Depuis six ans, dans plus d’une douzaine de pays, Zed Nelson photographie la mise en scène de la nature dont nous sommes devenus les maîtres, ces « monuments factices à ce que nous avons perdu ». En prenant de la distance, en incluant les hors-champs et en révélant ainsi l’artifice, sa série baptisée L’illusion de l’Anthropocène est faite d’images non spectaculaires, non « consommables » facilement. Pour mieux méditer le phénomène global de déconnexion de la nature et d’auto-illusion collective.

restaurant avec vue sur les pingouins
Au Chimelong Penguin Hotel de Zhuhai, ici en 2017, les visiteurs peuvent dîner avec des manchots en captivité dans un restaurant de 1 600 places, décoré sur le thème des glaciers. L’hôtel chinois propose également des rencontres avec ces mêmes oiseaux au « pavillon des pingouins », et un spectacle au « théâtre du palais des glaces ». 70 % des colonies de manchots empereurs sauvages, qui ont vécu pendant des millions d’années, pourraient disparaître d’ici 2050 en raison du changement climatique.

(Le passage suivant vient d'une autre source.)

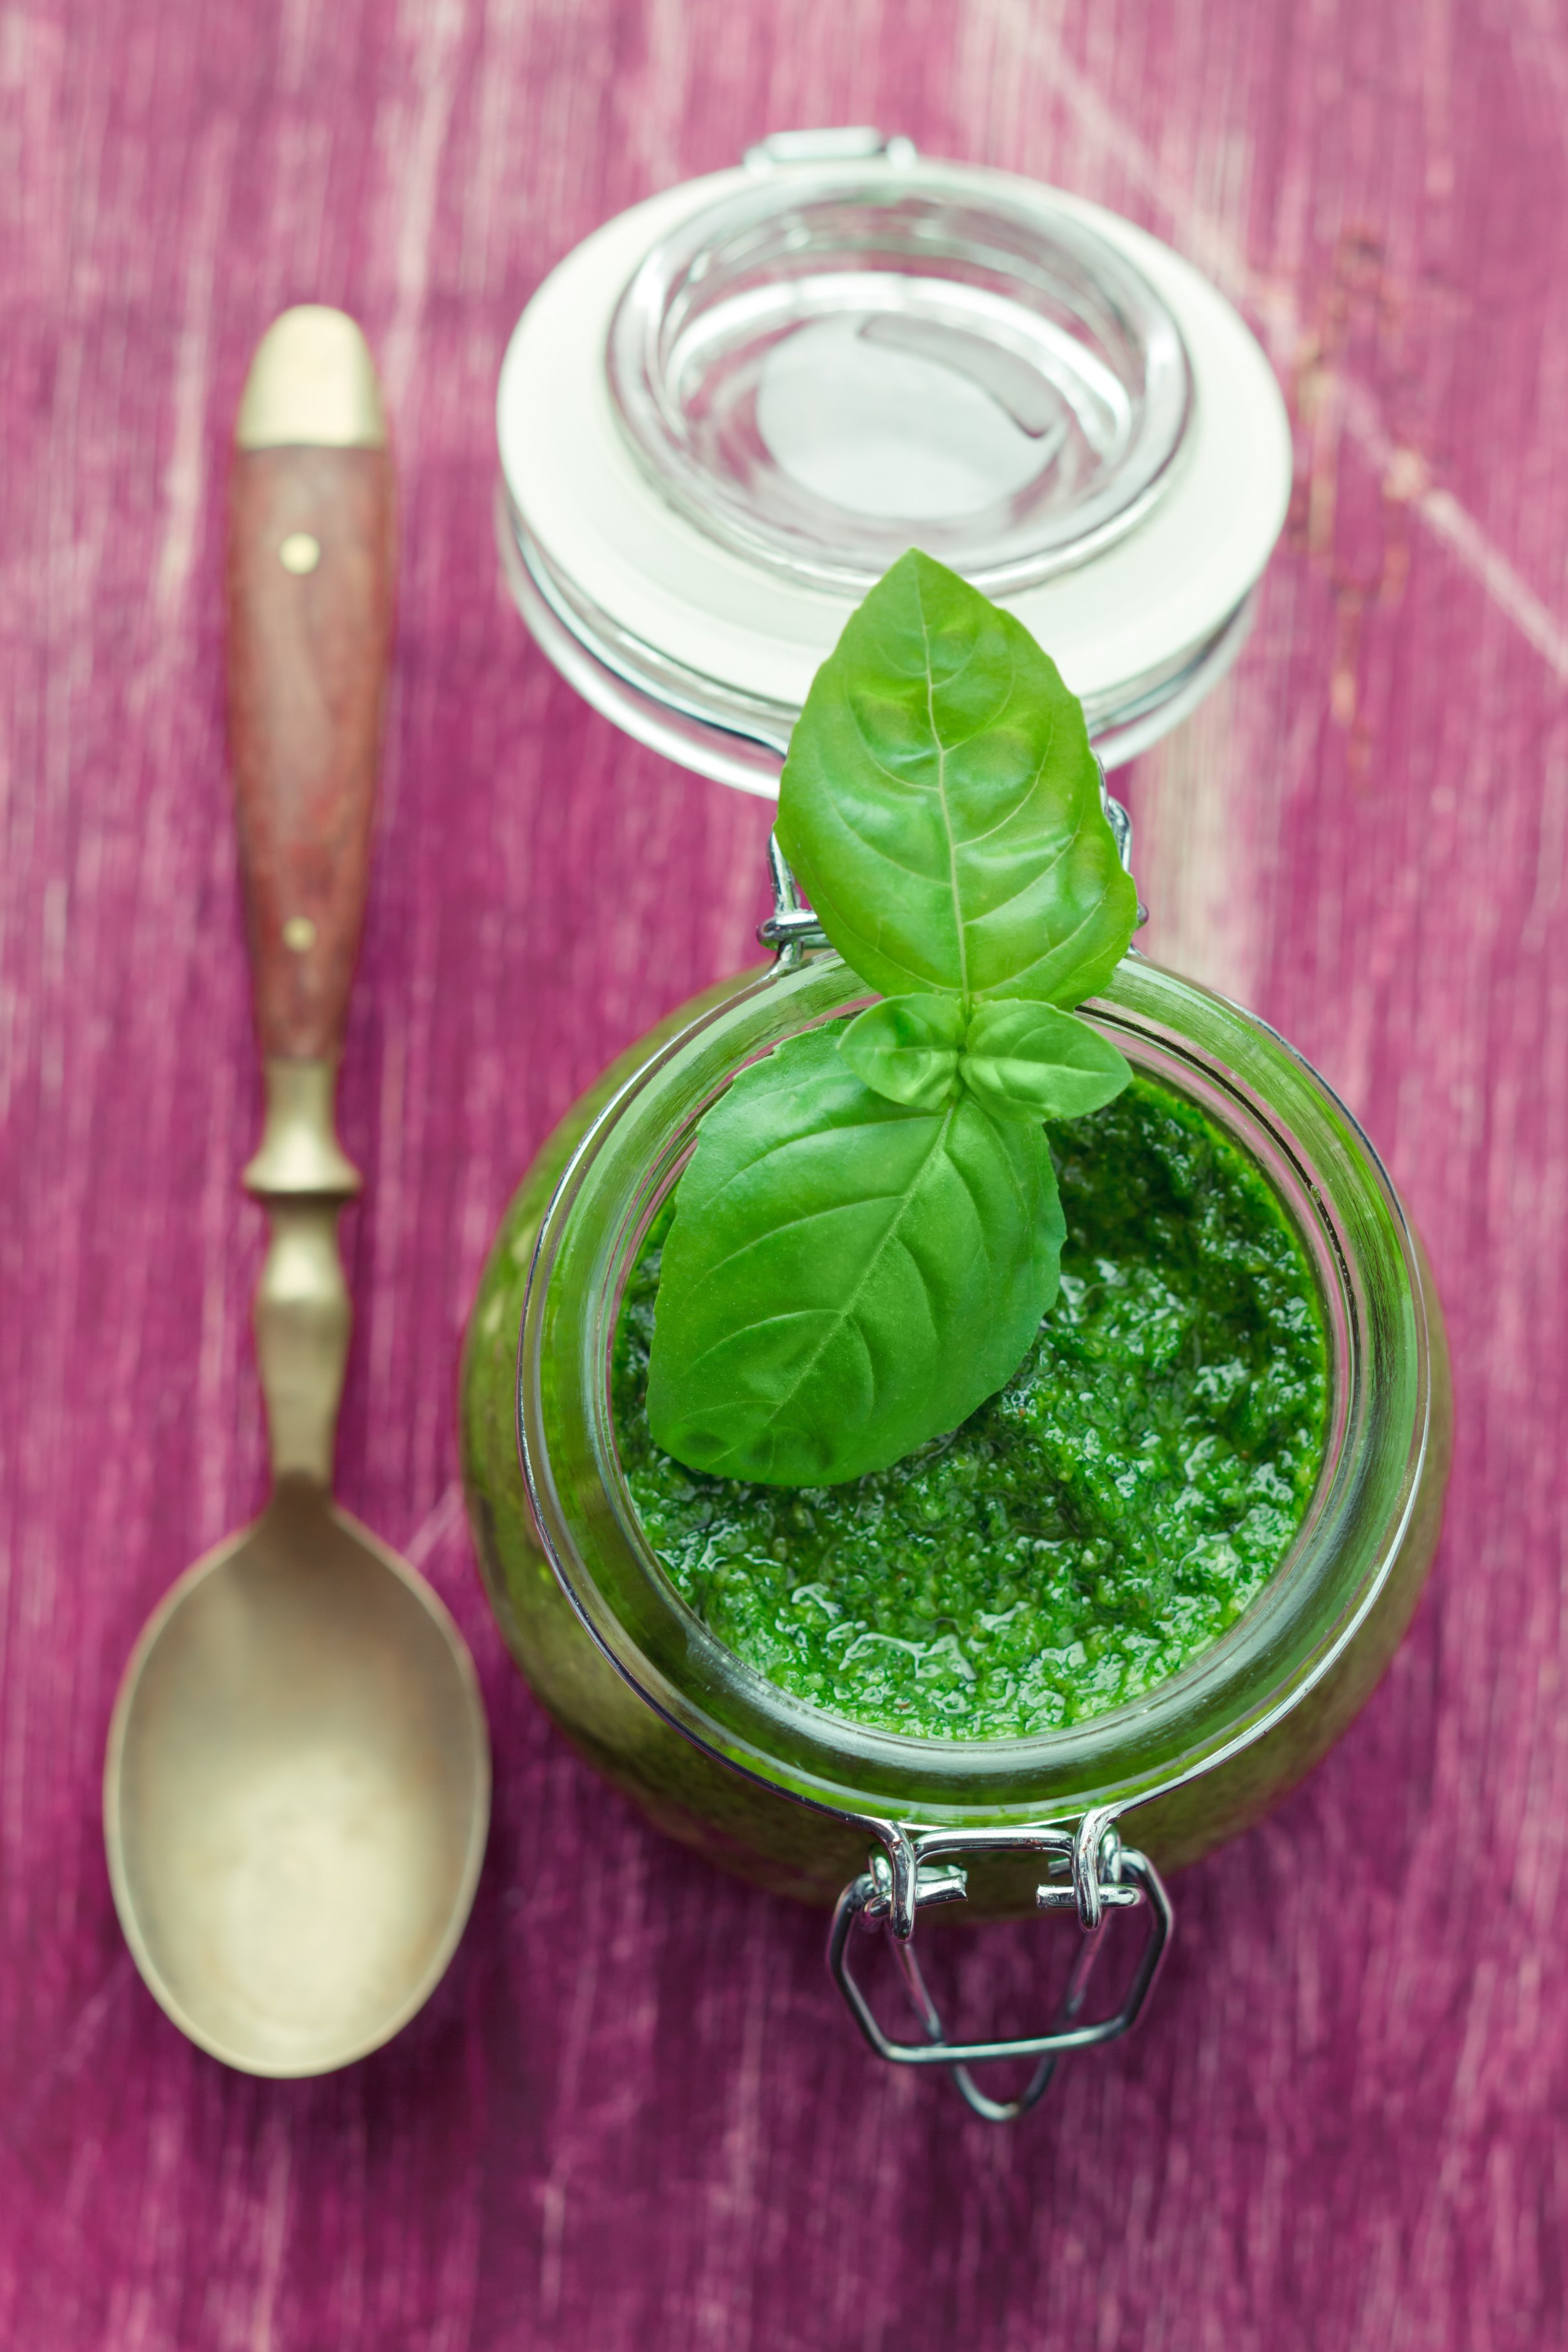 Pesto in glass jar

promenade avec des lions domestiqués
Une « balade avec des lions » à Ukutula, près de Johannesburg, en 2023. Il existe environ 300 fermes d’élevage de lions en Afrique du Sud, abritant jusqu’à 12 000 individus. Ces installations commerciales vendent souvent aux touristes la possibilité de caresser et nourrir des lionceaux, et de se promener avec de jeunes lions nourris au biberon depuis leur naissance.
transats sur une plage artificielle
Le centre de vacances Tropical Islands de Krausnick, près de Berlin, ici en 2017. Il se trouve à l’intérieur d’un dôme plus haut que la statue de la Liberté et dispose d’une plage de sable, d’une serre à papillons et de la plus grande forêt tropicale intérieure d’Europe, d’une superficie de 10 000 m2.
tours végétalisées
Le parking de l’hôtel Parkroyal Collection Pickering, à Singapour, en 2022. L’initiative « Garden City » de la cité-État a été lancée dans les années 1960, parallèlement à l’urbanisation rapide, pour incorporer la nature au nouveau paysage de la ville. Si celle-ci est reconnue pour sa propreté et sa verdure, ces ambitieux efforts de verdissement ont un coût caché. Pour maintenir une image immaculée, le gouvernement et les urbanistes ont recours à des pulvérisations de pesticides à une échelle industrielle. Les produits chimiques utilisés empoisonnent également les espèces non ciblées, notamment les abeilles, les papillons et les oiseaux.
petite fille escaladant une fausse montagne
Inauguré en 1970 à Rimini, l’« Italie en miniature » est un parc à thème de 85 000 m2, qui reproduit les différentes régions du pays. Ici, en 2018, la réplique de la région montagneuse des Dolomites. Connu pour ses 5 000 arbres miniatures, le parc accueille 500 000 visiteurs par an.
ours polaire devant un mur peint
Un ours polaire dans le zoo forestier de Dalian, en Chine, en 2017. L’ours blanc est le plus grand carnivore terrestre du monde, pesant jusqu’à 800 kg et mesurant jusqu’à trois mètres. L’enclos typique d’un zoo représente un millionième de son espace de vie à l’état sauvage.
pique-nique avec un guerrier traditionnel masaï
Les parcs nationaux et les réserves du Kenya offrent aux touristes la possibilité de voir des animaux sauvages dans ce qu’il reste de leur habitat naturel. Ici, dans le Masai Mara, en 2023, les visiteurs rejouent la scène du pique-nique romantique du film Out of Africa de Sydney Pollack (1985). Des membres de l’ethnie masaï sont recrutés pour donner de l’« authenticité » à l’expérience.
un chimpanzé devant un mur peint
Les peintures murales naturalistes sont devenues monnaie courante dans les zoos du monde entier, afin de donner aux visiteurs l’impression que les animaux vivent dans leur habitat naturel. Ici, un chimpanzé dans le parc animalier de Shanghai, en Chine, en 2017.